Singles from Chicago III
- "Free" Released: February 1971; "Lowdown" Released: April 1971;

= Chicago III =

Chicago III is the third studio album by the American rock band Chicago. It was released on January 11, 1971, through Columbia Records. The album was produced by James William Guercio and was the band's third consecutive double album in less than two years.

Much like the previous year's Chicago, Chicago III is made up of both multi-part suites and more conventional individual songs. The album saw the band integrate a number of different genres including folk and country ("What Else Can I Say", "Flight 602"), free improvisation ("Free Country"), and musique concrète ("Progress?") into their sound, while also continuing in their trademark jazz-rock style.

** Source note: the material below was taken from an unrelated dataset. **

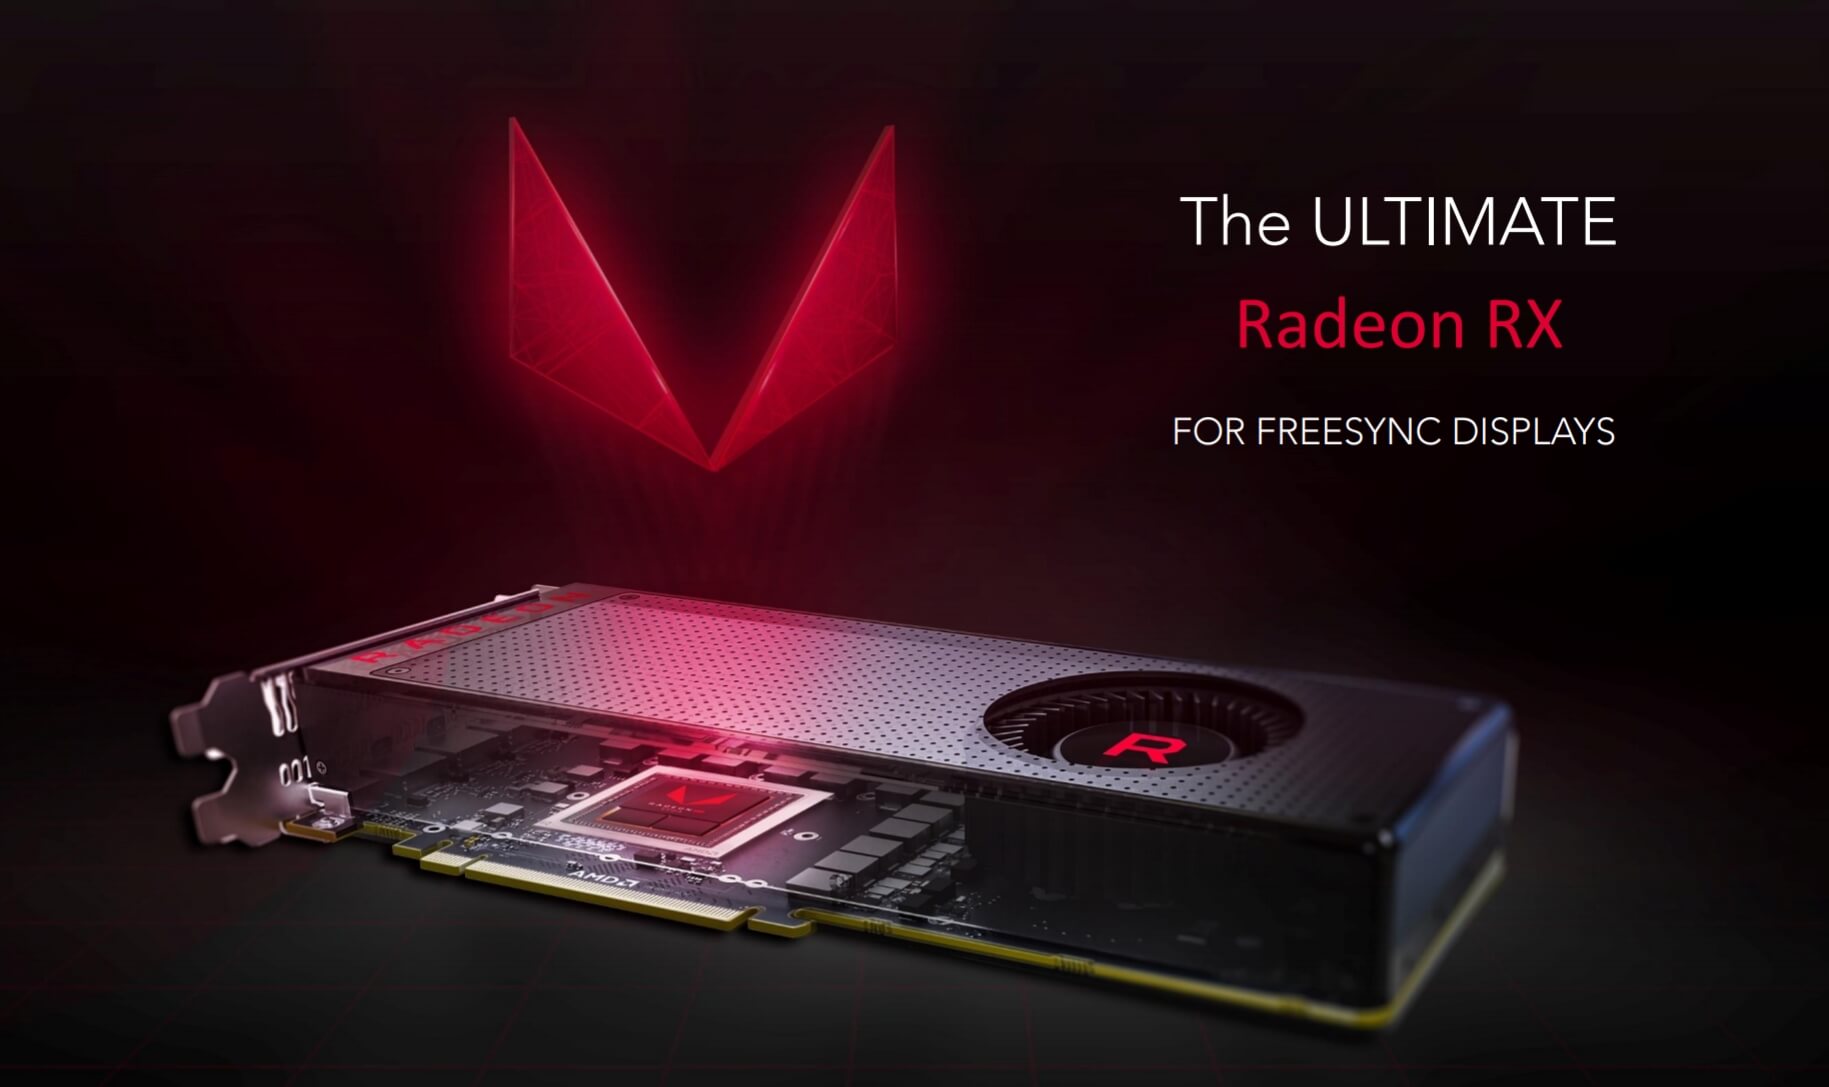 AMD Radeon RX Vega ekran kartları tanıtıldı: İşte tüm detaylar

Chicago III was a critical and commercial success. It peaked at number two in the US, their highest chart placement at that point, and received positive reviews. While neither of its singles ("Free" and "Lowdown") matched the success of the band's previous and following singles, both managed to make the top 40, peaking at numbers 20 and 35, respectively. After the release of the album, Chicago would perform at New York's Carnegie Hall. Performances from this run would be released on the following album, Chicago at Carnegie Hall.

Professional ratings
Review scores
| Source | Rating |
| AllMusic | Star |

== Background ==
In the wake of the enormous worldwide success of their second album, Chicago spent almost all of 1970 on the road, an exhausting undertaking. Former drummer Danny Seraphine, described the members of the band as "fatigued and road-weary" when they went into the studio to record the album.

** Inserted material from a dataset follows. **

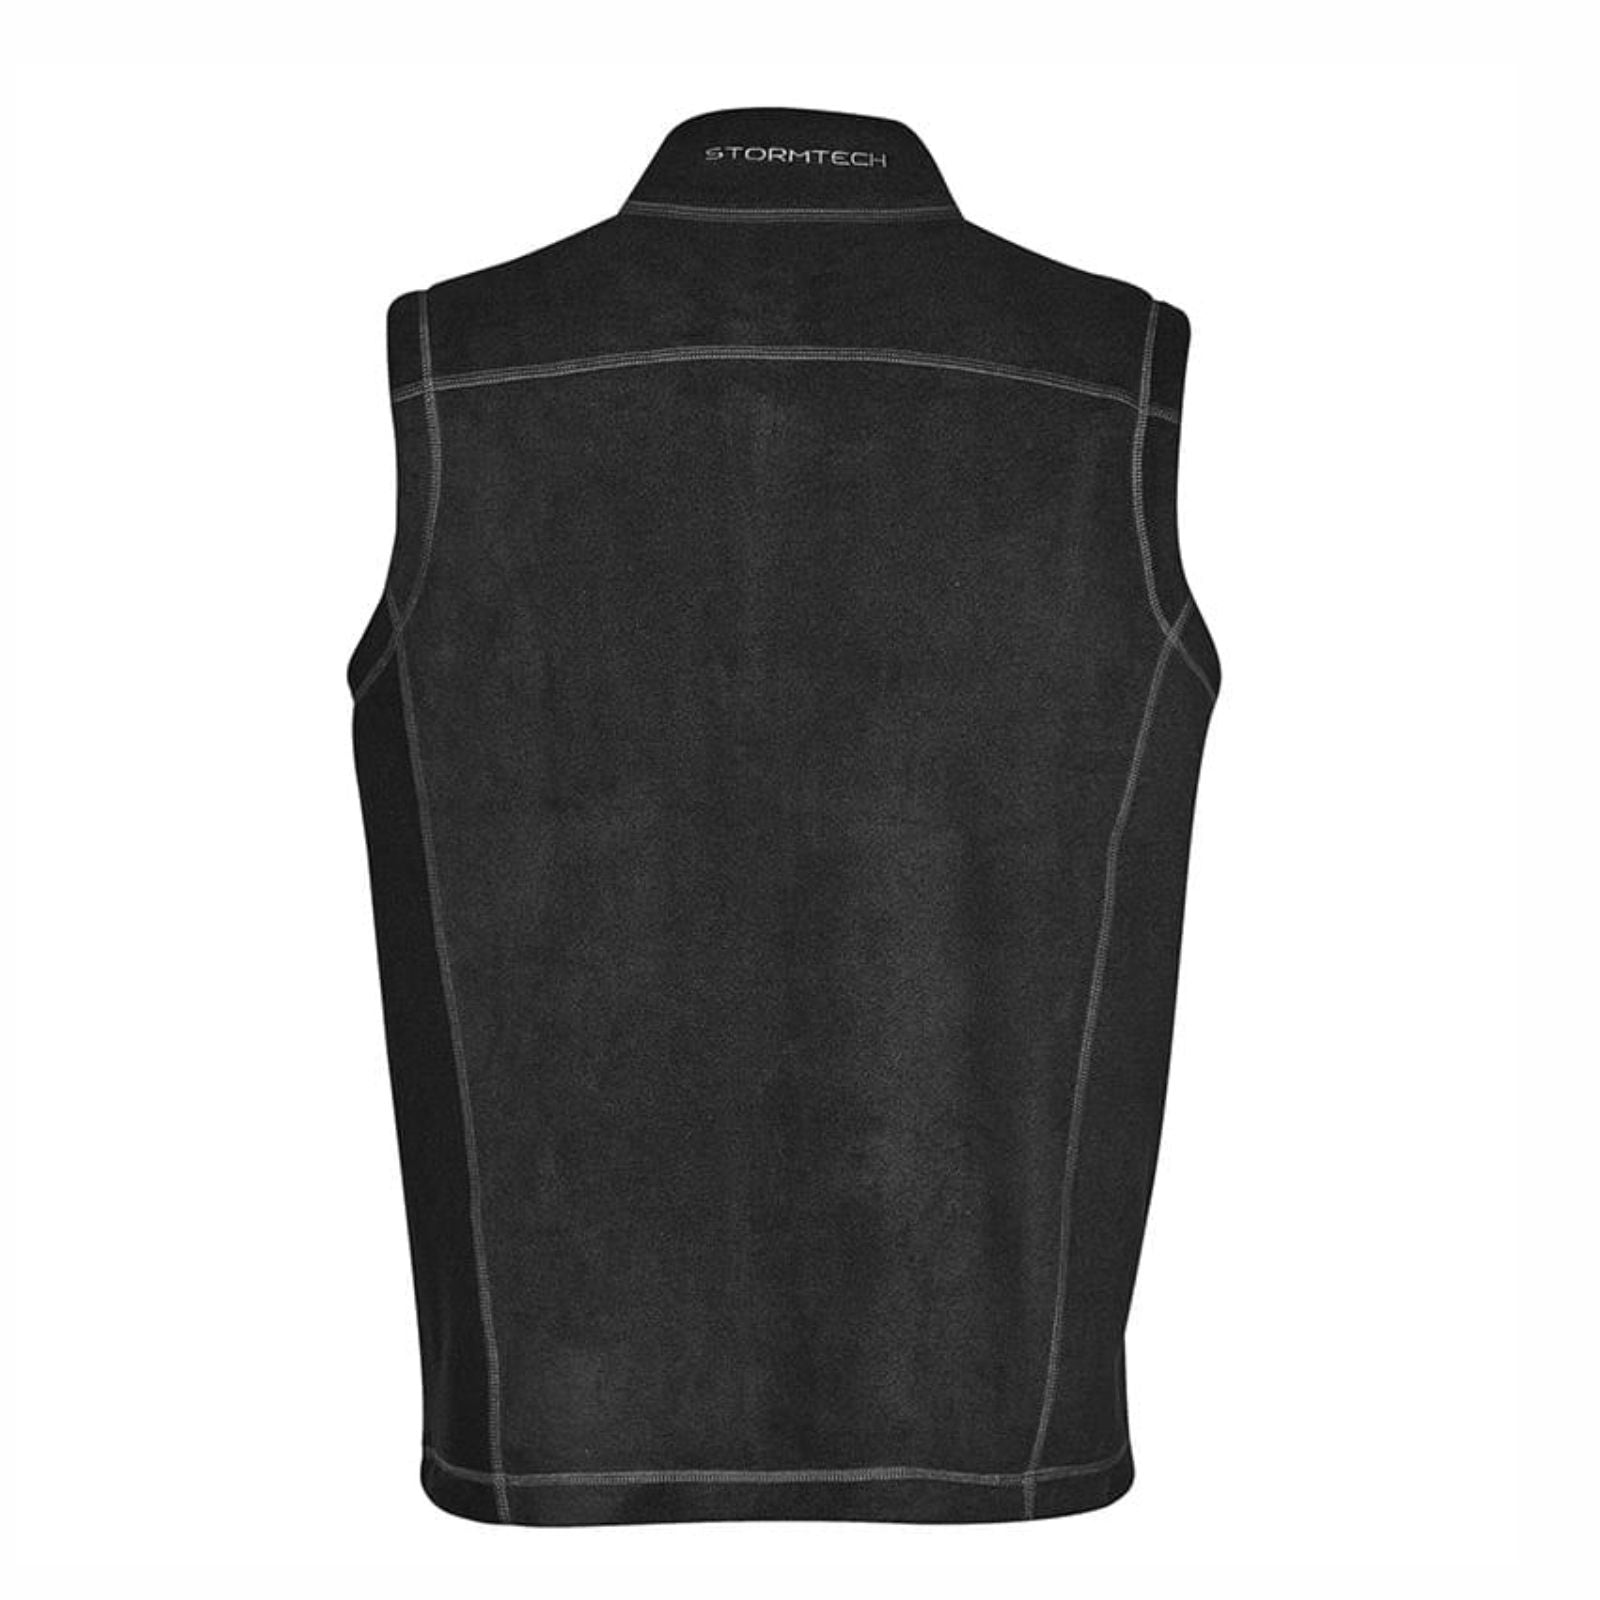 MBH Men's Fleece Zip Coverstitch Vest -Black- Embroidery

Released in January 1971, initially on Columbia Records, Chicago III — the band's first album to sport a Roman numeral in its title — sold well upon its release and was certified gold by the Recording Industry Association of America (RIAA) a month later. It provided Chicago with its highest charting disc yet in the US, going to No. 2 on the Billboard 200. "Free", written by Robert Lamm, made it into the top 20 of the Billboard Hot 100 chart, and "Lowdown", co-written by Peter Cetera and Danny Seraphine, reached the top 40. Chicago III marked a dwindling in UK fortunes in comparison to the band's first two albums, Chicago Transit Authority and Chicago, reaching No. 9 in a brief chart run.

In 1974, jazz bandleader Stan Kenton added a suite of songs from the album ("Canon", "Mother", "Once Upon a Time" and "Free") to his band's repertoire, releasing it on the album Stan Kenton Plays Chicago.

== Musical style, writing, composition ==
The band had used up its storehouse of original material on its first two albums. As such, they needed to write new material for Chicago III, and according to Seraphine, the band's songwriters worked "nonstop" to achieve this. He also said the band "took the opportunity to experiment with instrumentals and showcase our skills as musicians."

Their long hours on the road gave the principal songwriters, Robert Lamm, Terry Kath and James Pankow, much food for thought, resulting in more serious subject matter, which contrasted with the positivity of their first two sets. In his retrospective review of the album, Jeff Giles writes that Lamm's "Travel Suite" was "inspired by the boredom, loneliness, and beauty of the road," and characterizes Pankow's "Elegy" suite is an "ecologically minded composition" (an issue Lamm also touches upon in "Mother"). While Kath's multi-part "An Hour in the Shower" provides a reprieve from the sobering explorations elsewhere, Chicago III was the result of a band who had seen the flip side of the world over the last several months. "Lowdown", co-written by Peter Cetera and Danny Seraphine, was Seraphine's first co-writing credit, and he was appreciative of the support Cetera gave him during the writing process.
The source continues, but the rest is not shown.